Feeling Euphoric with Caravan "In the Land of Grey and Pink": Prog Review #34
Back to Where it All Began
At last I've arrived at the album that inspired my journey into prog album reviews. One of the tracks from Caravan's In the Land of Grey and Pink (1971) came up in a prog playlist I found in my early days as a Spotify listener, and I've been off-and-on obsessed with this album ever since. I always come back to it and imagine I always will. My reviews began as a hunt for another album as great as this one, and I’ve had some successes so far.
A few reviews back, I identified Renaissance's Ashes are Burning (1973) as the most pleasant album on Rolling Stone's top 50 prog list. But In the Land of Grey and Pink gives it a run for its money. Like Ashes Are Burning, there is a strong folk element running through this album. A pastoral quality is carried by the shifting tones of Dave Sinclair's various clavichords. Jimmy Hastings's flute and piccolo accents. Pye Hastings’s and Richard Sinclair's syrupy vocals complete the mood. A dreamlike quality pervades the album, probably an acid dream given the lyrics, album art, and Pye Hastings's psychedelic-influenced guitar work.
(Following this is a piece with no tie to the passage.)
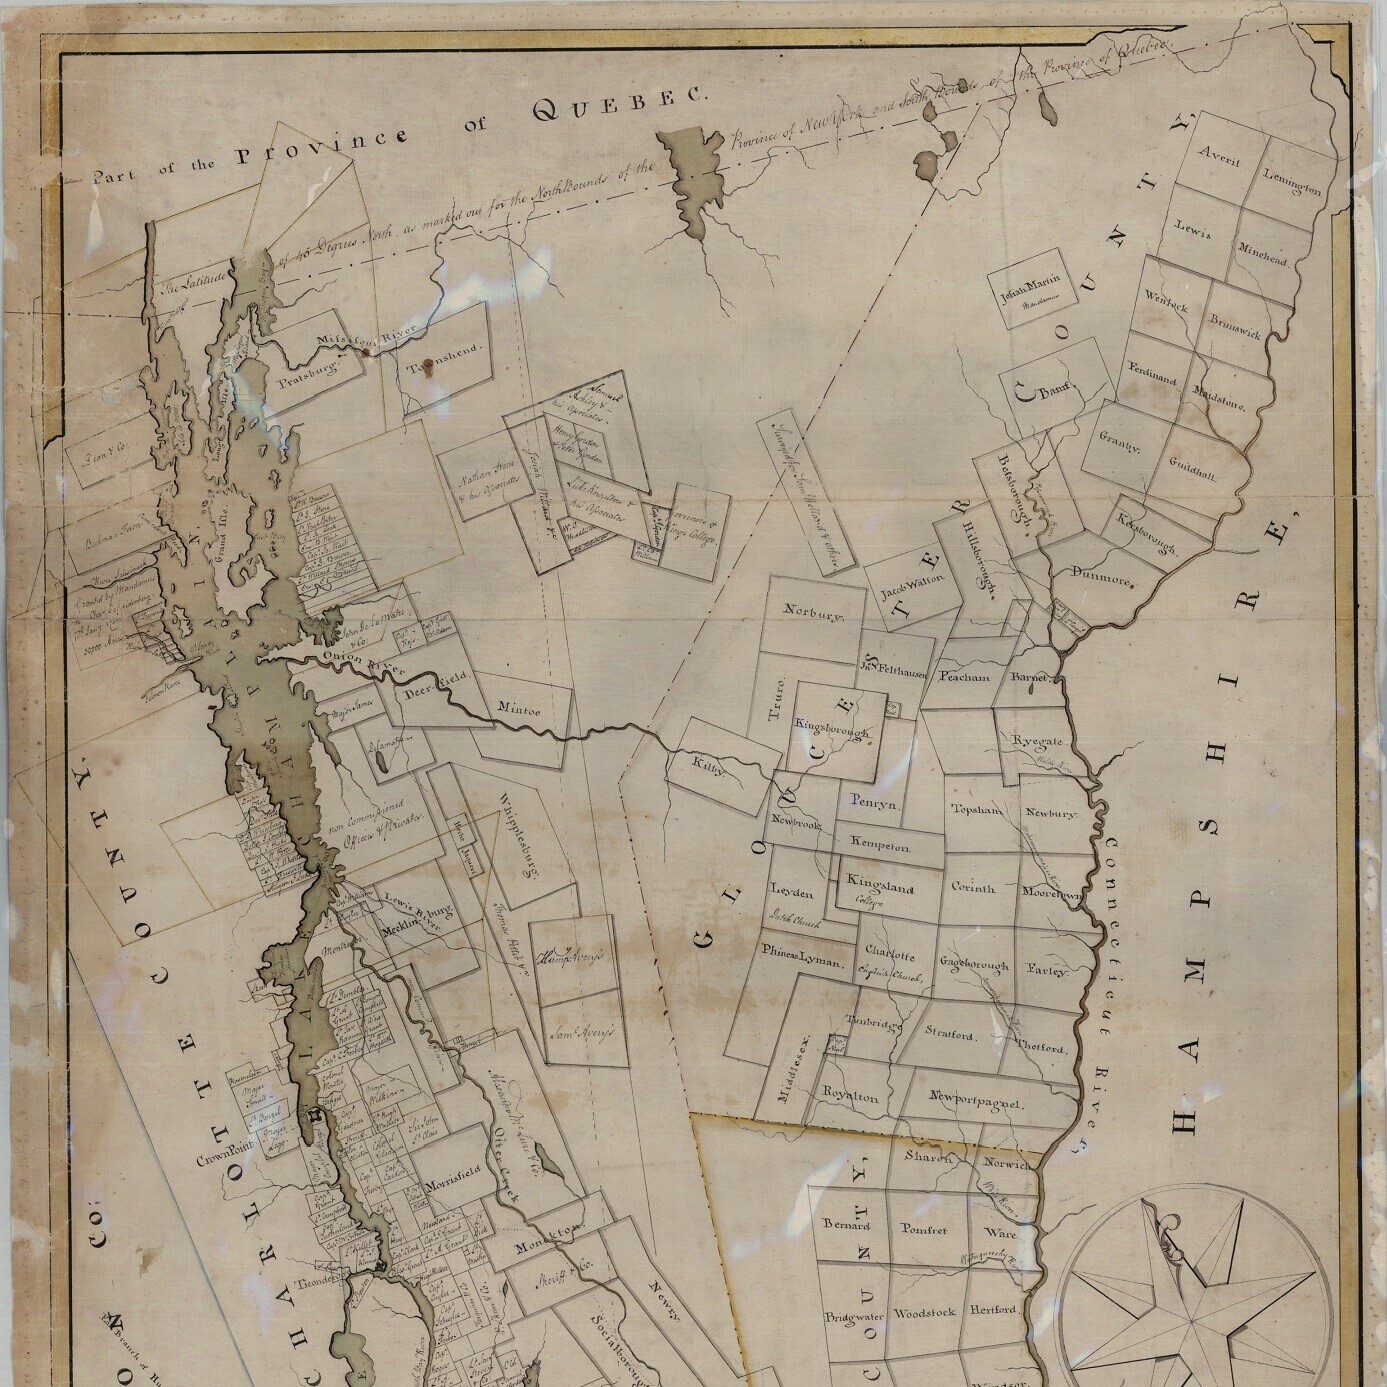 section of map of Vermont featuring New York Grants

Everything fits together so smoothly, with life and harmony buoying up every moment. I can get lost in this album, and it speaks to me in a way that I imagine the late 60s folk and pop scene spoke to so many. A lot of music from that era is cloying, or simplistic, or just doesn't sound great from a production standpoint. Yet, Caravan here takes great advantage of what I like about that era of music - the joy and the experimentalism that comes from looser affiliations of genre that can mix rock guitar, jazzy drumming, classical piano and strings, and theatrical vocals with lyrics that don't have to mean anything at all.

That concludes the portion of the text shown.